Learning User Representations with Hypercuboids for Recommender Systems
This addresses the challenge of capturing diverse user interests for personalized recommendations, though it appears incremental as it builds on existing collaborative filtering with a novel geometric representation.
The paper tackles the problem of modeling user interests in recommender systems by representing users as hypercuboids instead of points, which improves geometric flexibility and modeling capability. Empirical results show the approach outperforms state-of-the-art methods on public and commercial datasets.
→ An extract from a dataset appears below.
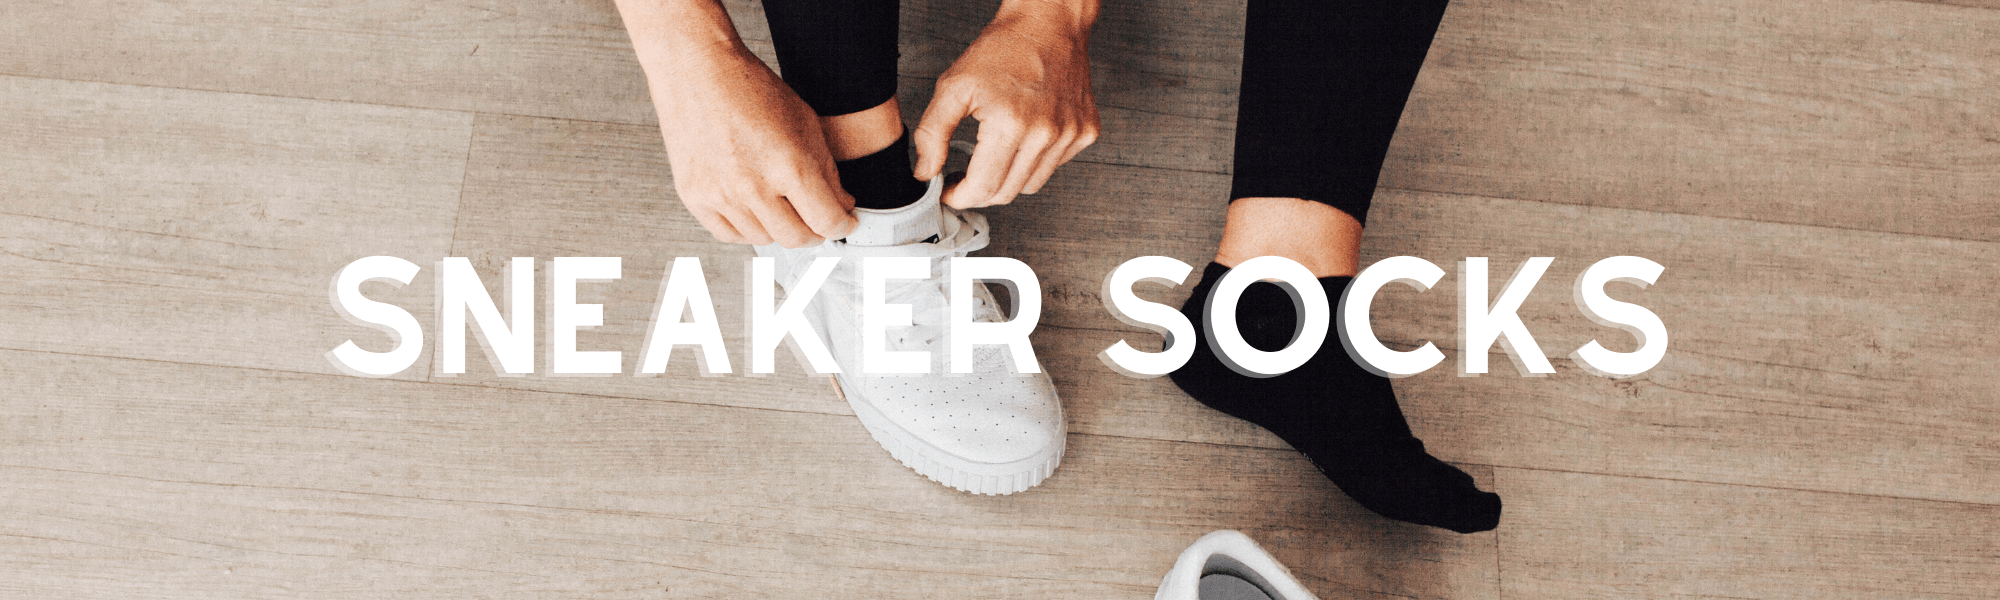 Merino Wool Sneaker Socks, Woman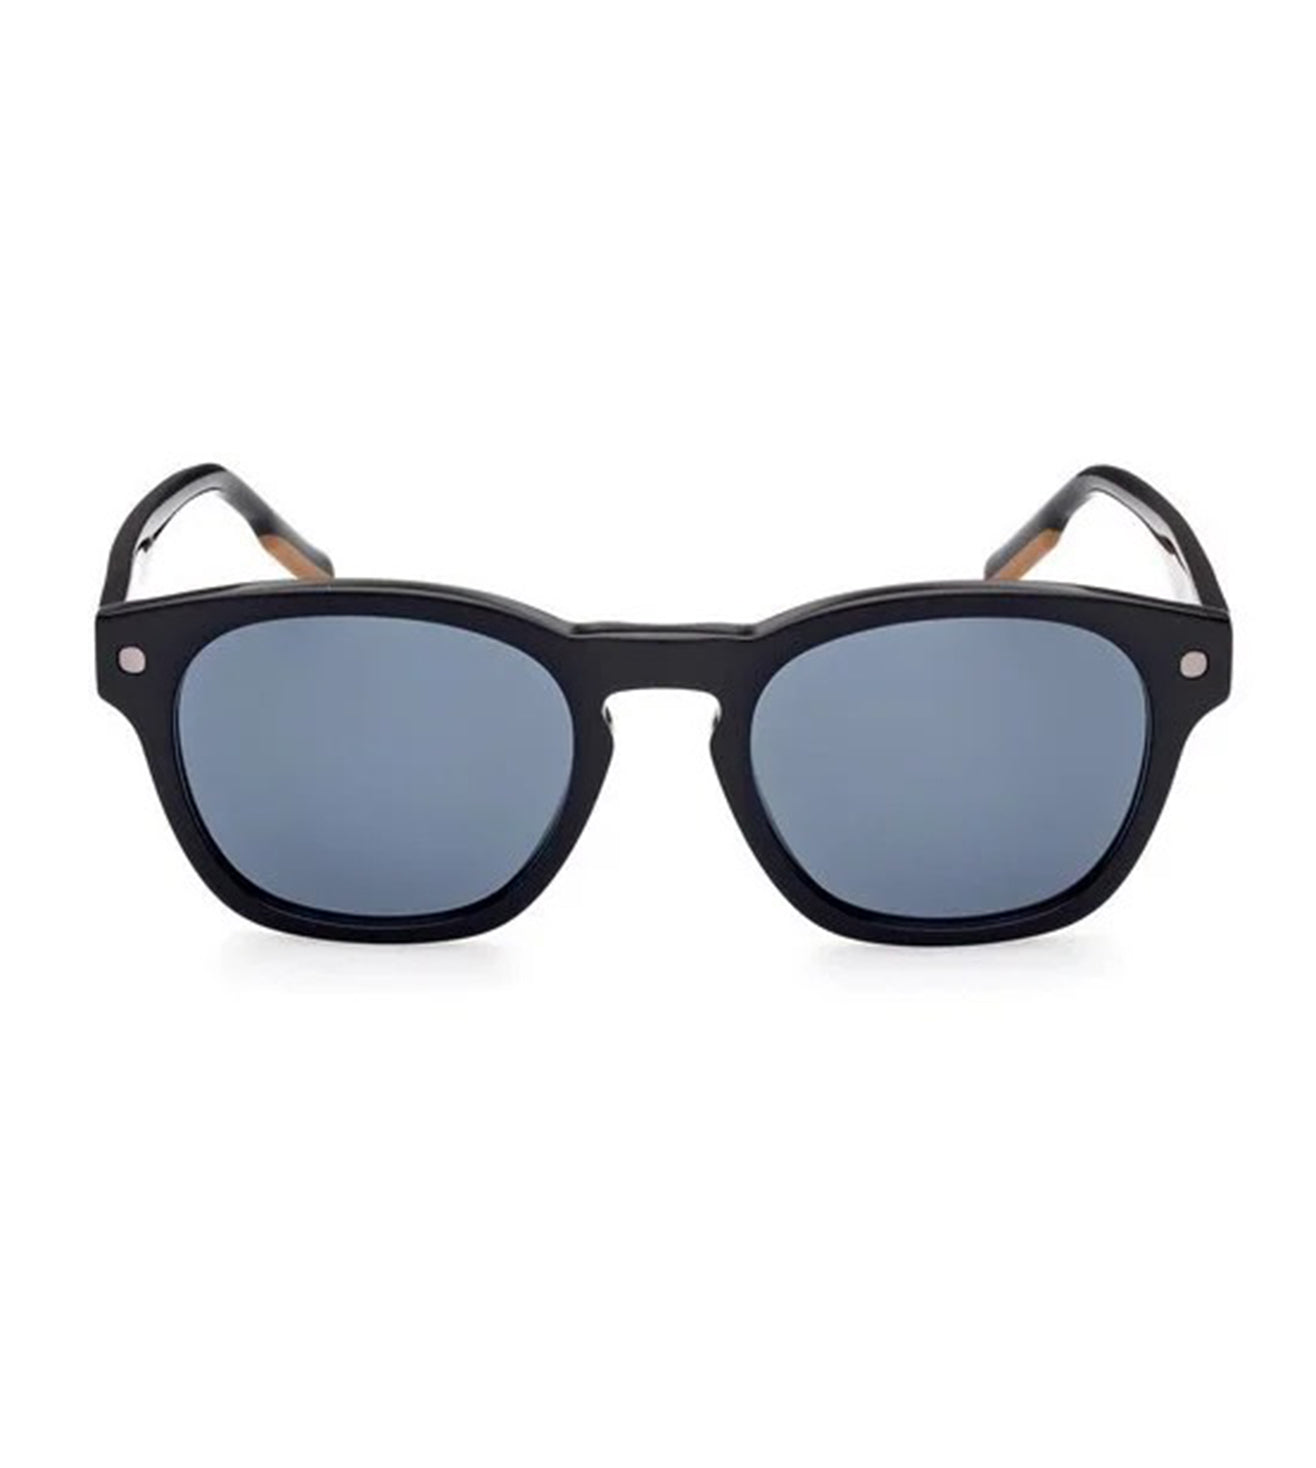 Zegna Men's Blue Round Sunglasses

Modeling user interests is crucial in real-world recommender systems. In this paper, we present a new user interest representation model for personalized recommendation. Specifically, the key novelty behind our model is that it explicitly models user interests as a hypercuboid instead of a point in the space. In our approach, the recommendation score is learned by calculating a compositional distance between the user hypercuboid and the item. This helps to alleviate the potential geometric inflexibility of existing collaborative filtering approaches, enabling a greater extent of modeling capability. Furthermore, we present two variants of hypercuboids to enhance the capability in capturing the diversities of user interests. A neural architecture is also proposed to facilitate user hypercuboid learning by capturing the activity sequences (e.g., buy and rate) of users. We demonstrate the effectiveness of our proposed model via extensive experiments on both public and commercial datasets. Empirical results show that our approach achieves very promising results, outperforming existing state-of-the-art.